=== Exercise brief ===
Emit a verbatim copy of the lines below from the line with "Revitalising our Hi!Street banner" through the line with "Detail Timberland Radfort 6-Inch Boots", excluding pictures and everything outside that range.

=== Records to process ===
- - -
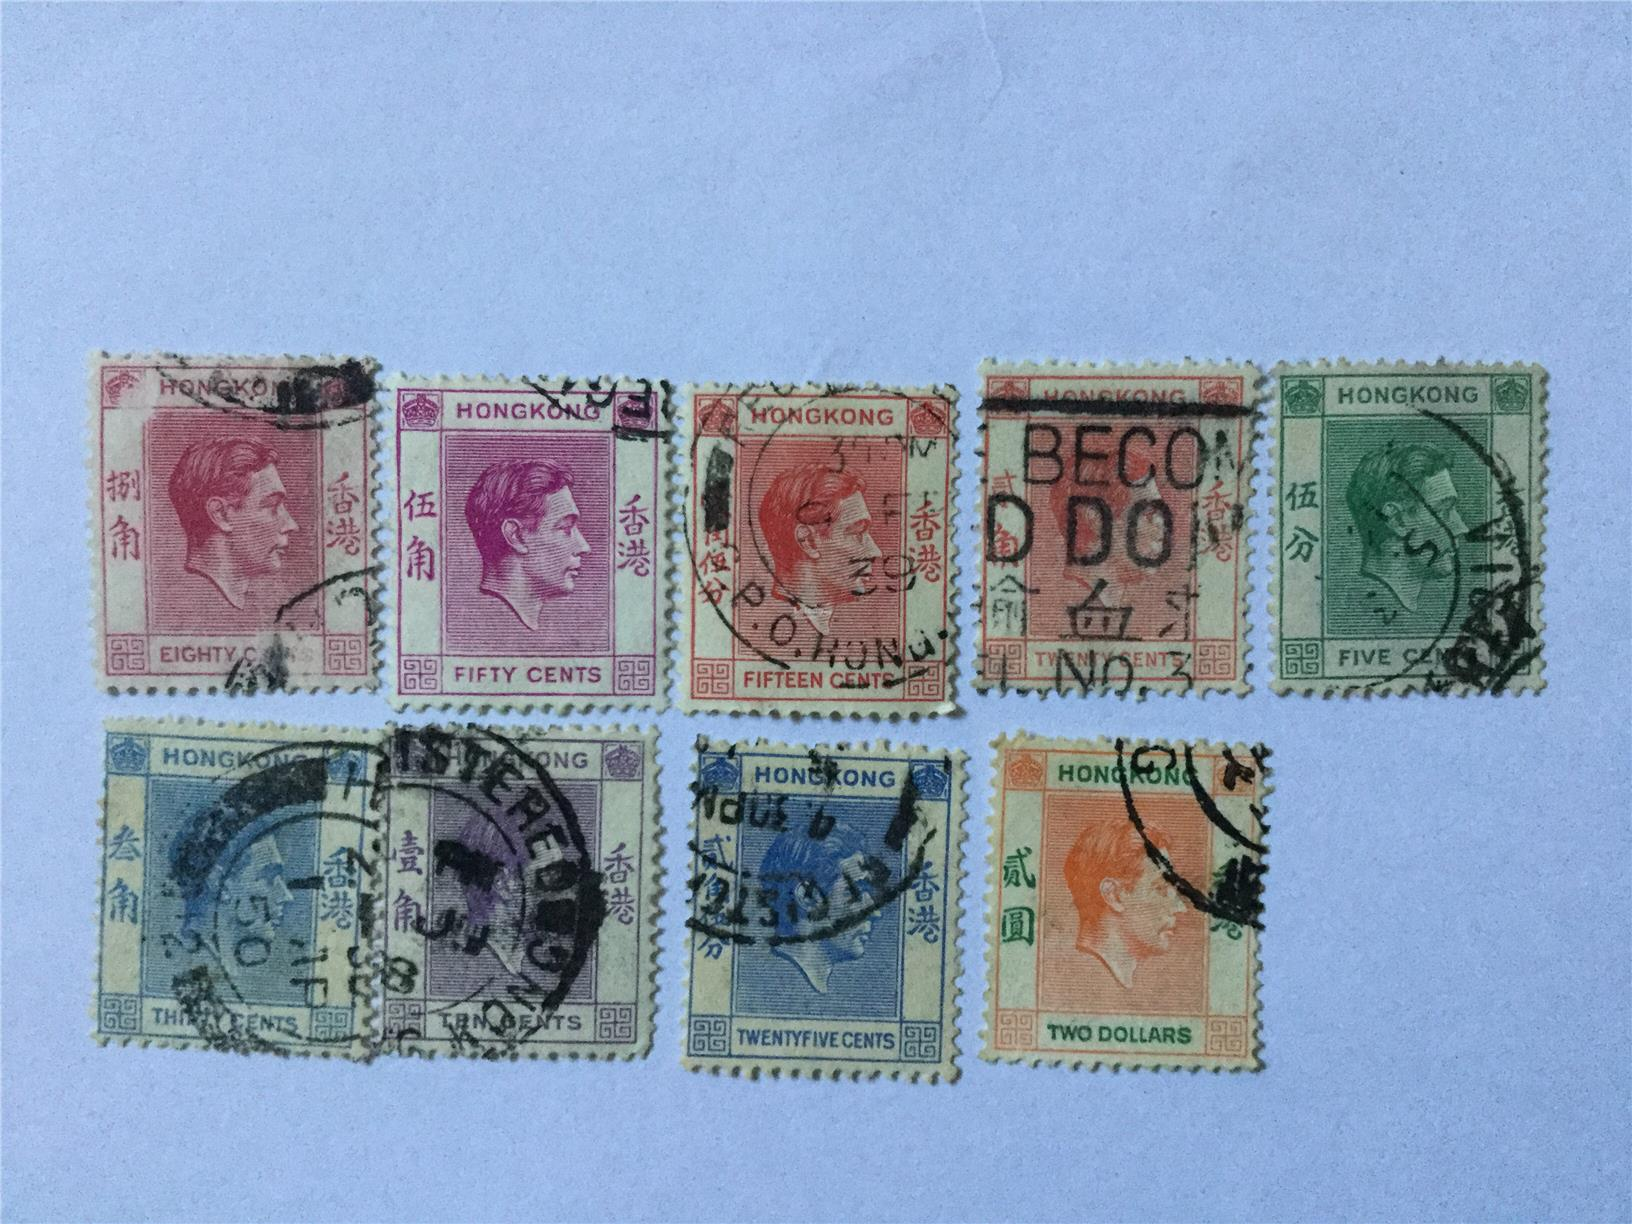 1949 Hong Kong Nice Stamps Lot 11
- - -
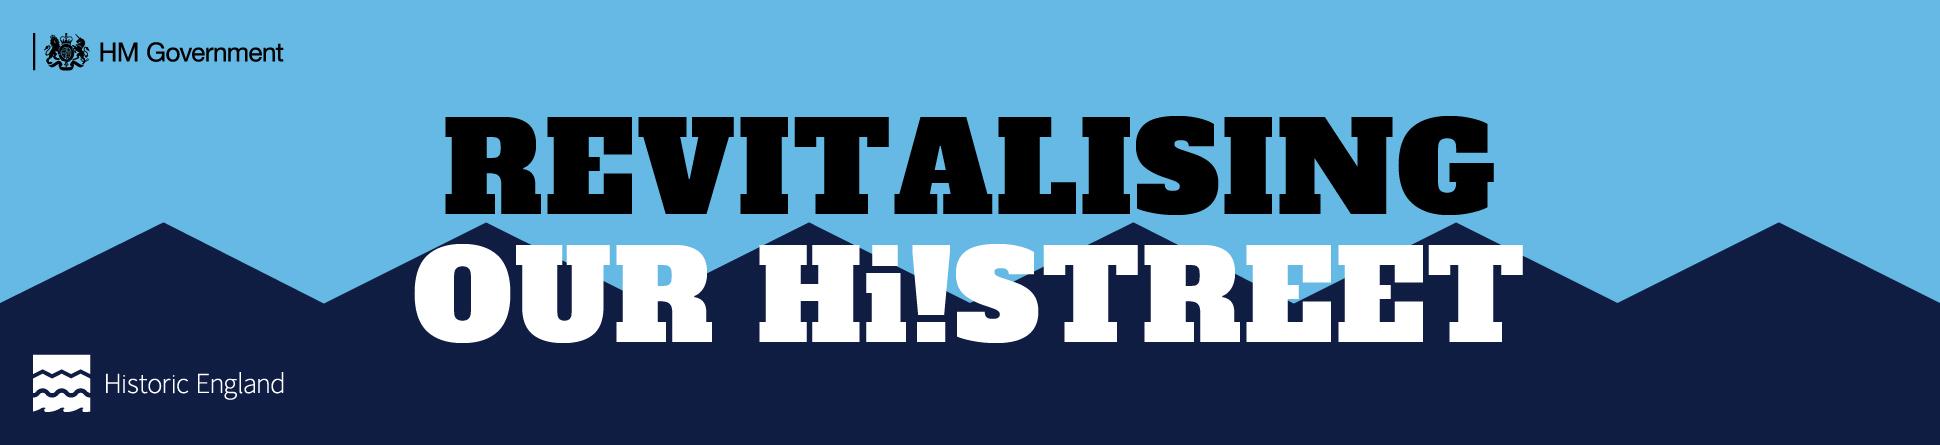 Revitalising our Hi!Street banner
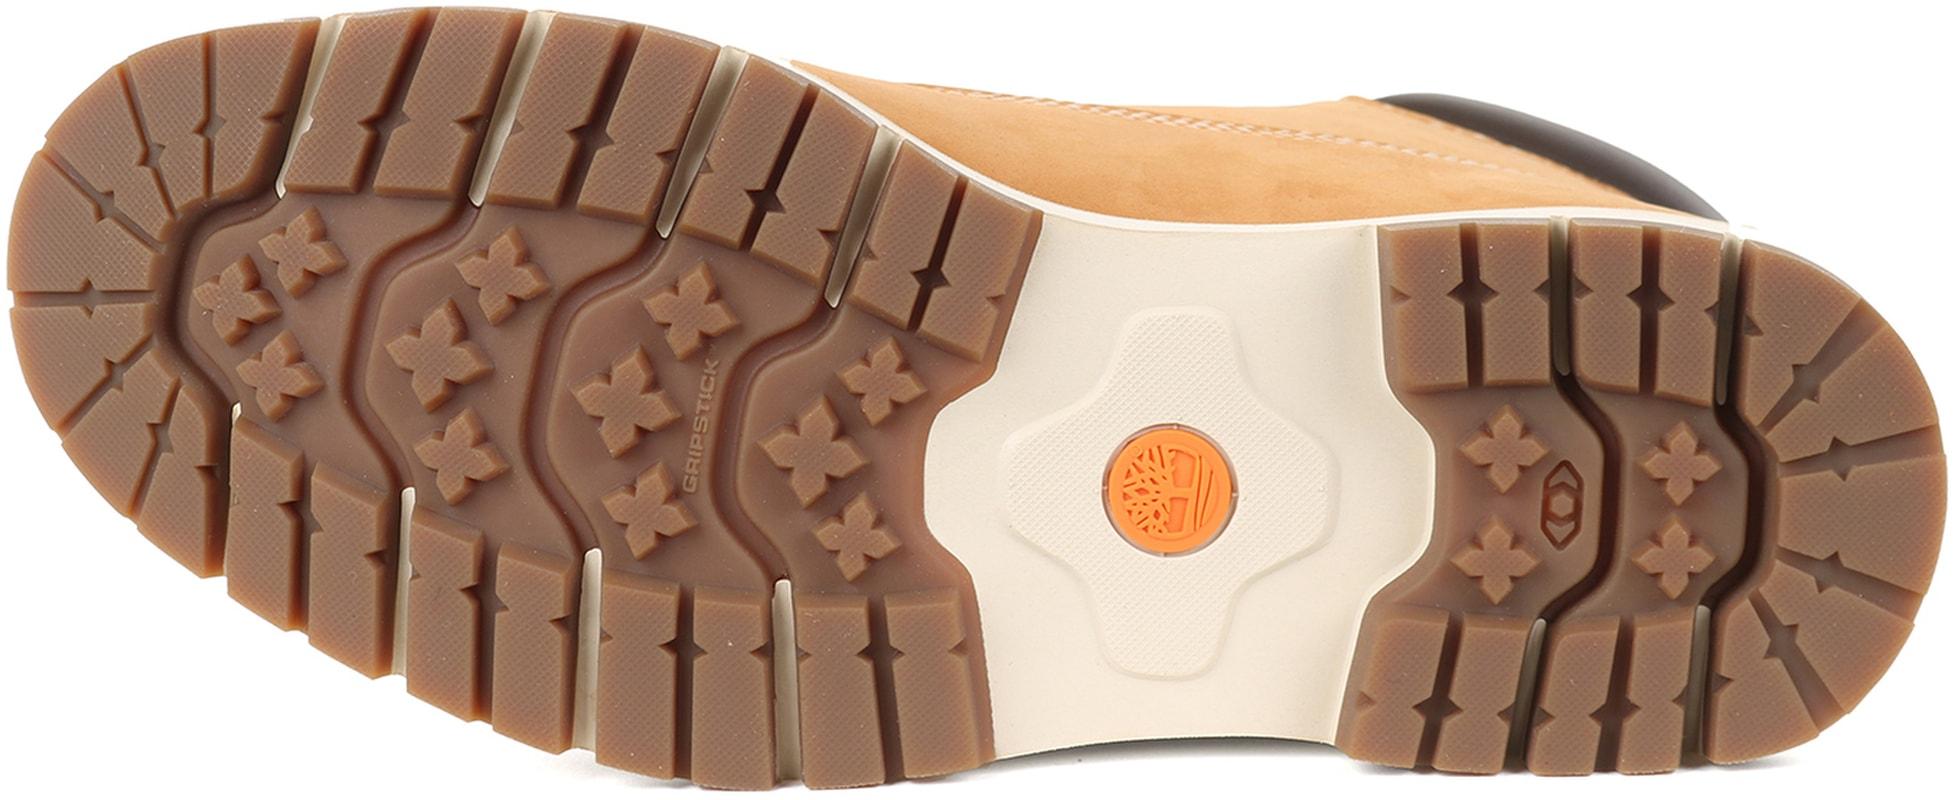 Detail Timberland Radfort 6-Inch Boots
- - -
=== Task response ===
 Revitalising our Hi!Street banner
 Detail Timberland Radfort 6-Inch Boots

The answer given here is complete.